I learned a lot about how someone thinks about an institutional repository. (I know it's one view out of many possible ones, but still - getting a rich slice of that one view was extremely useful.) Content in Purdue's IR is organized the same way its departments are organized; interdisciplinary research usually comes out of Discovery Park and goes in its corner of the repository. There are common actions that an IR's workflow should handle well: consuming (downloading someone else's papers), submitting (sending in your own), accepting (what it sounds like), and batching (creating collections of papers). Make sure you check and know all four.

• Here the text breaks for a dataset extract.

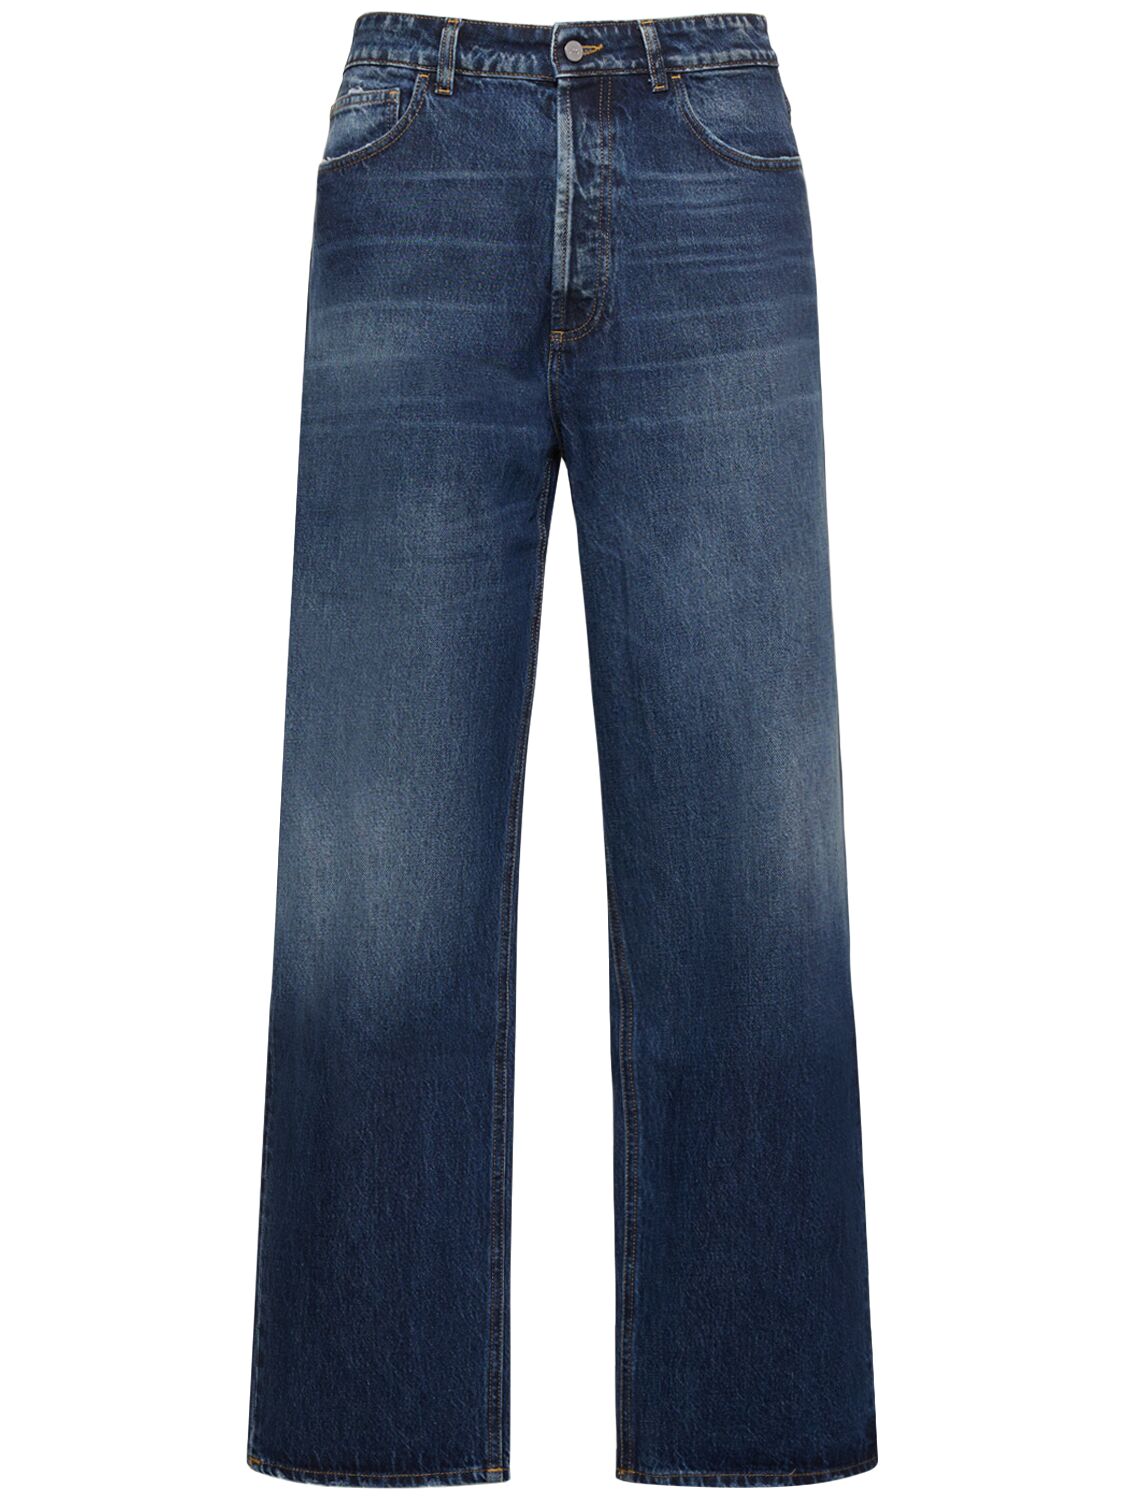 Vintage Wash Wide Cotton Denim Jeans – MEN > CLOTHING > JEANS

Mike confirmed some other things I had been thinking about, like how catering to faculty self-interest ("ah, I can track publication downloads and use this for my tenure case!") actually works well. Mandating something that should ostensibly be in faculty's self-interest ("only publications listed in the IR count for your tenure evaluation!") is... hard, and I'm not sure if I agree with that goal (I still live in a dream world where people do good things without being required to do them, apparently) but it's got an undeniable impact on compliance rates.

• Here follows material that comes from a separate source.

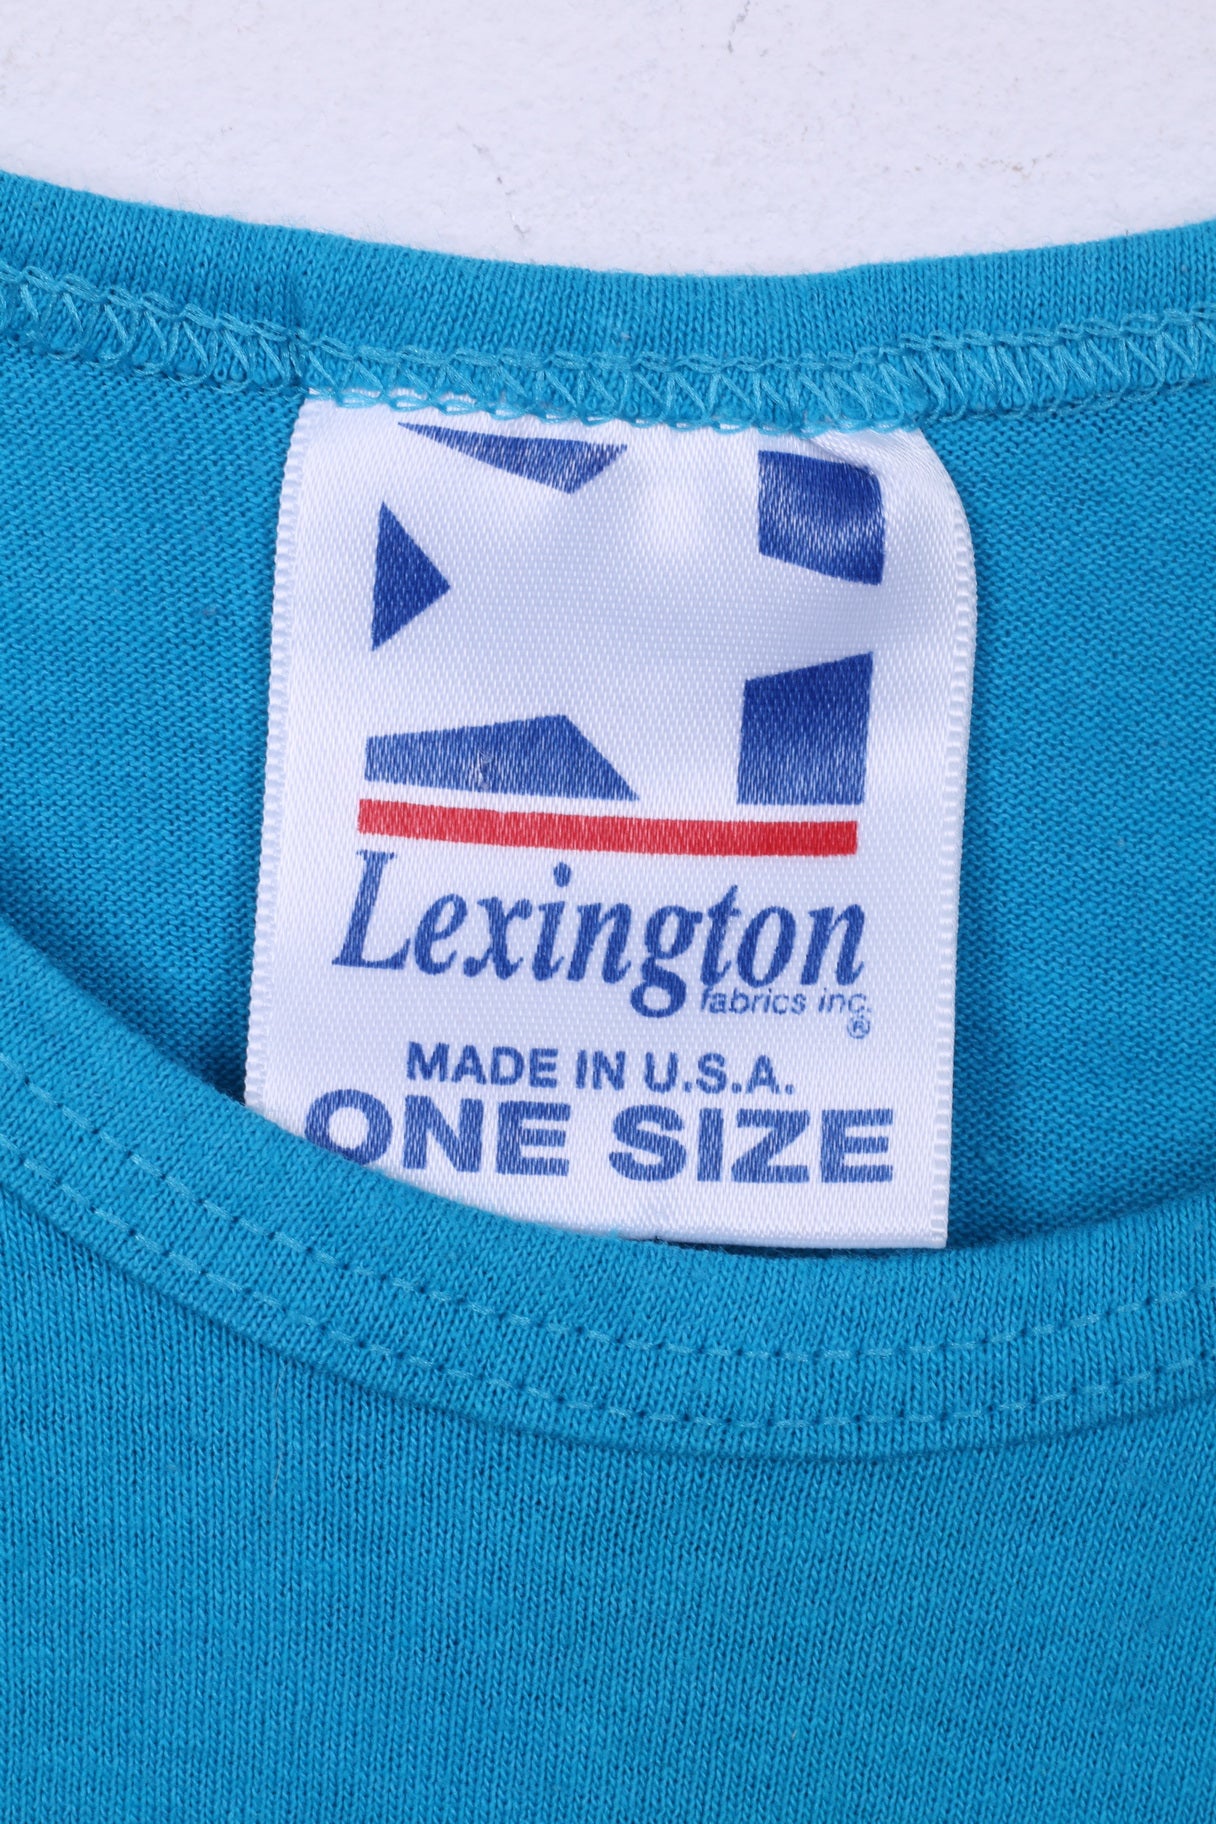 Tissus Lexington inc. Robe Taille Unique Key Largo Coton Sans Manches Bleu

On the way back, he introduced me to the work of Jason Priem, who looks at altmetrics - can we more accurately measure scholarly impact if we look at social media instead of merely journal citations? - and whose open access koans made me grin. Apparently Jason is speaking at Purdue in 2 weeks - I'm totally going. And apparently Jason is getting his PhD at the same place as Bryan Behrenshausen, last summer's opensource.com intern (and the man behind the POSSE profiles from last summer - we're currently having a debate about the future of POSSE, by the way).

My brain is swimming -- and I haven't even started my German translation homework yet. It's been a good, good day. Extremely good. A day full of The Learn.